In this case, you may have to pay for a long carry or shuttle.
Even with smaller local moving vans and U-Haul trucks, access can still be tricky, so start early and get extra help because your move time will increase.
Don’t forget about elevators, dollies, and carts
If your storage unit is on the second floor, you’ll need to use stairs or an elevator to get your household goods to the moving truck.
Especially if you have heavy items like refrigerators and appliances, you’ll need more helpers.
Many storage facilities provide free carts to facilitate the move-in and move-out processes.
However, they usually offer these on a first-come-first-serve basis, and they go fast.
When in doubt, it’s best to rent or bring your own moving equipment.

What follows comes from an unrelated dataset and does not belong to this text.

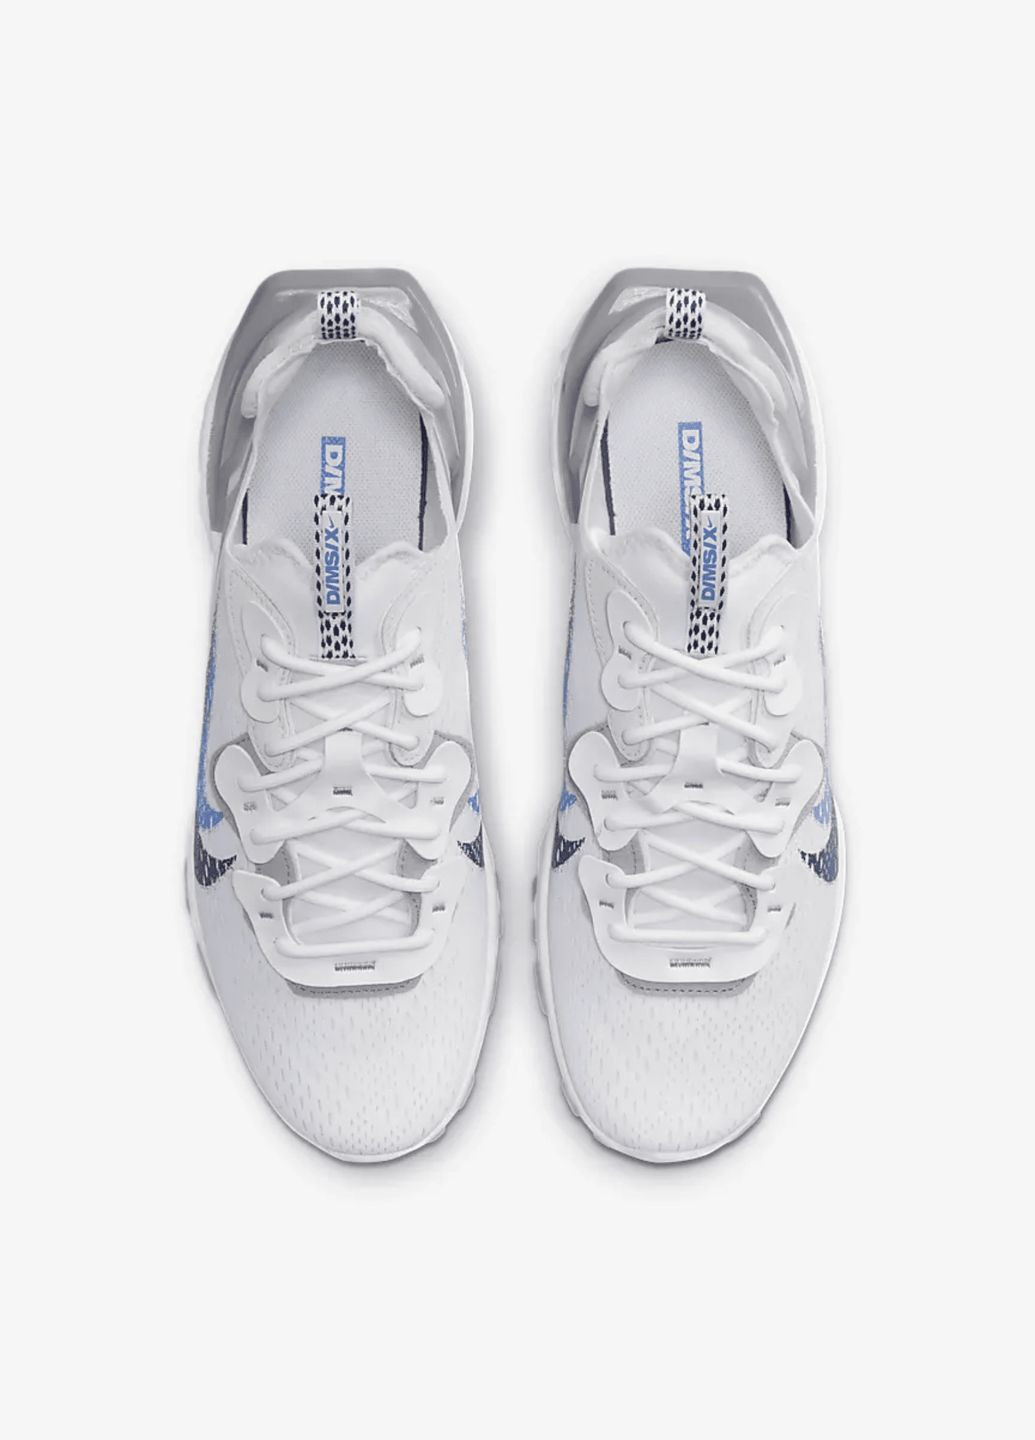 Білі всесезон кросівки чоловічі react vision fj4231-100 весна-літо текстиль сітка білі Nike

Appoint a responsible person to oversee the move if you can’t be there
If possible, make it a point to be onsite when moving out of a storage unit.
When being there personally just isn’t an option, it’s your responsibility to designate a trusted friend or family member to manage things and sign the paperwork on your behalf.
If so, let the movers and mini-storage staff know this before moving out.
Leave your storage unit clean and free of debris
Storage contracts require renters to clean out their units after removing their items.
This is usually as easy as sweeping and disposing of old boxes and other refuse.
It only takes a few minutes, and leaving your unit spic and span will ensure that you get your deposit back.
For more helpful long-term storage tips, check out this post.
Frequently asked questions (faqs)
What is the first thing you should do before moving out of a self-storage unit?
Once you’ve decided to vacate your unit, notify the storage facility management of your move date. Then ask them for a checklist to ensure you don’t overlook anything that will prevent them from returning your security deposit.
How many moving boxes will I need?
Since most of the items in your storage unit are probably already packed, you shouldn’t need too many extra boxes. However, some damaged cartons will need to be retaped or repacked. Professional movers will help repack loose items, but you’ll be charged for their labor and for each box they use.
What is the cost of a storage unit?
Prices vary based on location, demand, and the length of your storage contract, but on average small 5′ x 5′ units cost between $60 and $75 per month, while climate-controlled 10′ x 20′ units can cost well over $200 per month.
How many items will fit in a storage unit?
Assuming you’ve packed well and can stack your items efficiently, standard 10′ x 10′ units can generally hold two or three rooms worth of furniture. Always use your company’s storage unit size chart as a guide, but it’s wise to assume that you’ll need more space than they say you will.
What is the cost of the first month’s rent to move into a storage unit?
Though many storage unit providers advertise low move-in costs, they often exclude hidden fees like mandatory insurance and locks.
Can I live in a storage unit?
No, living in a storage unit is illegal. If caught residing in one, you’ll be evicted and perhaps reported to the authorities. It’s better to consider a cheap apartment in a bad part of town instead.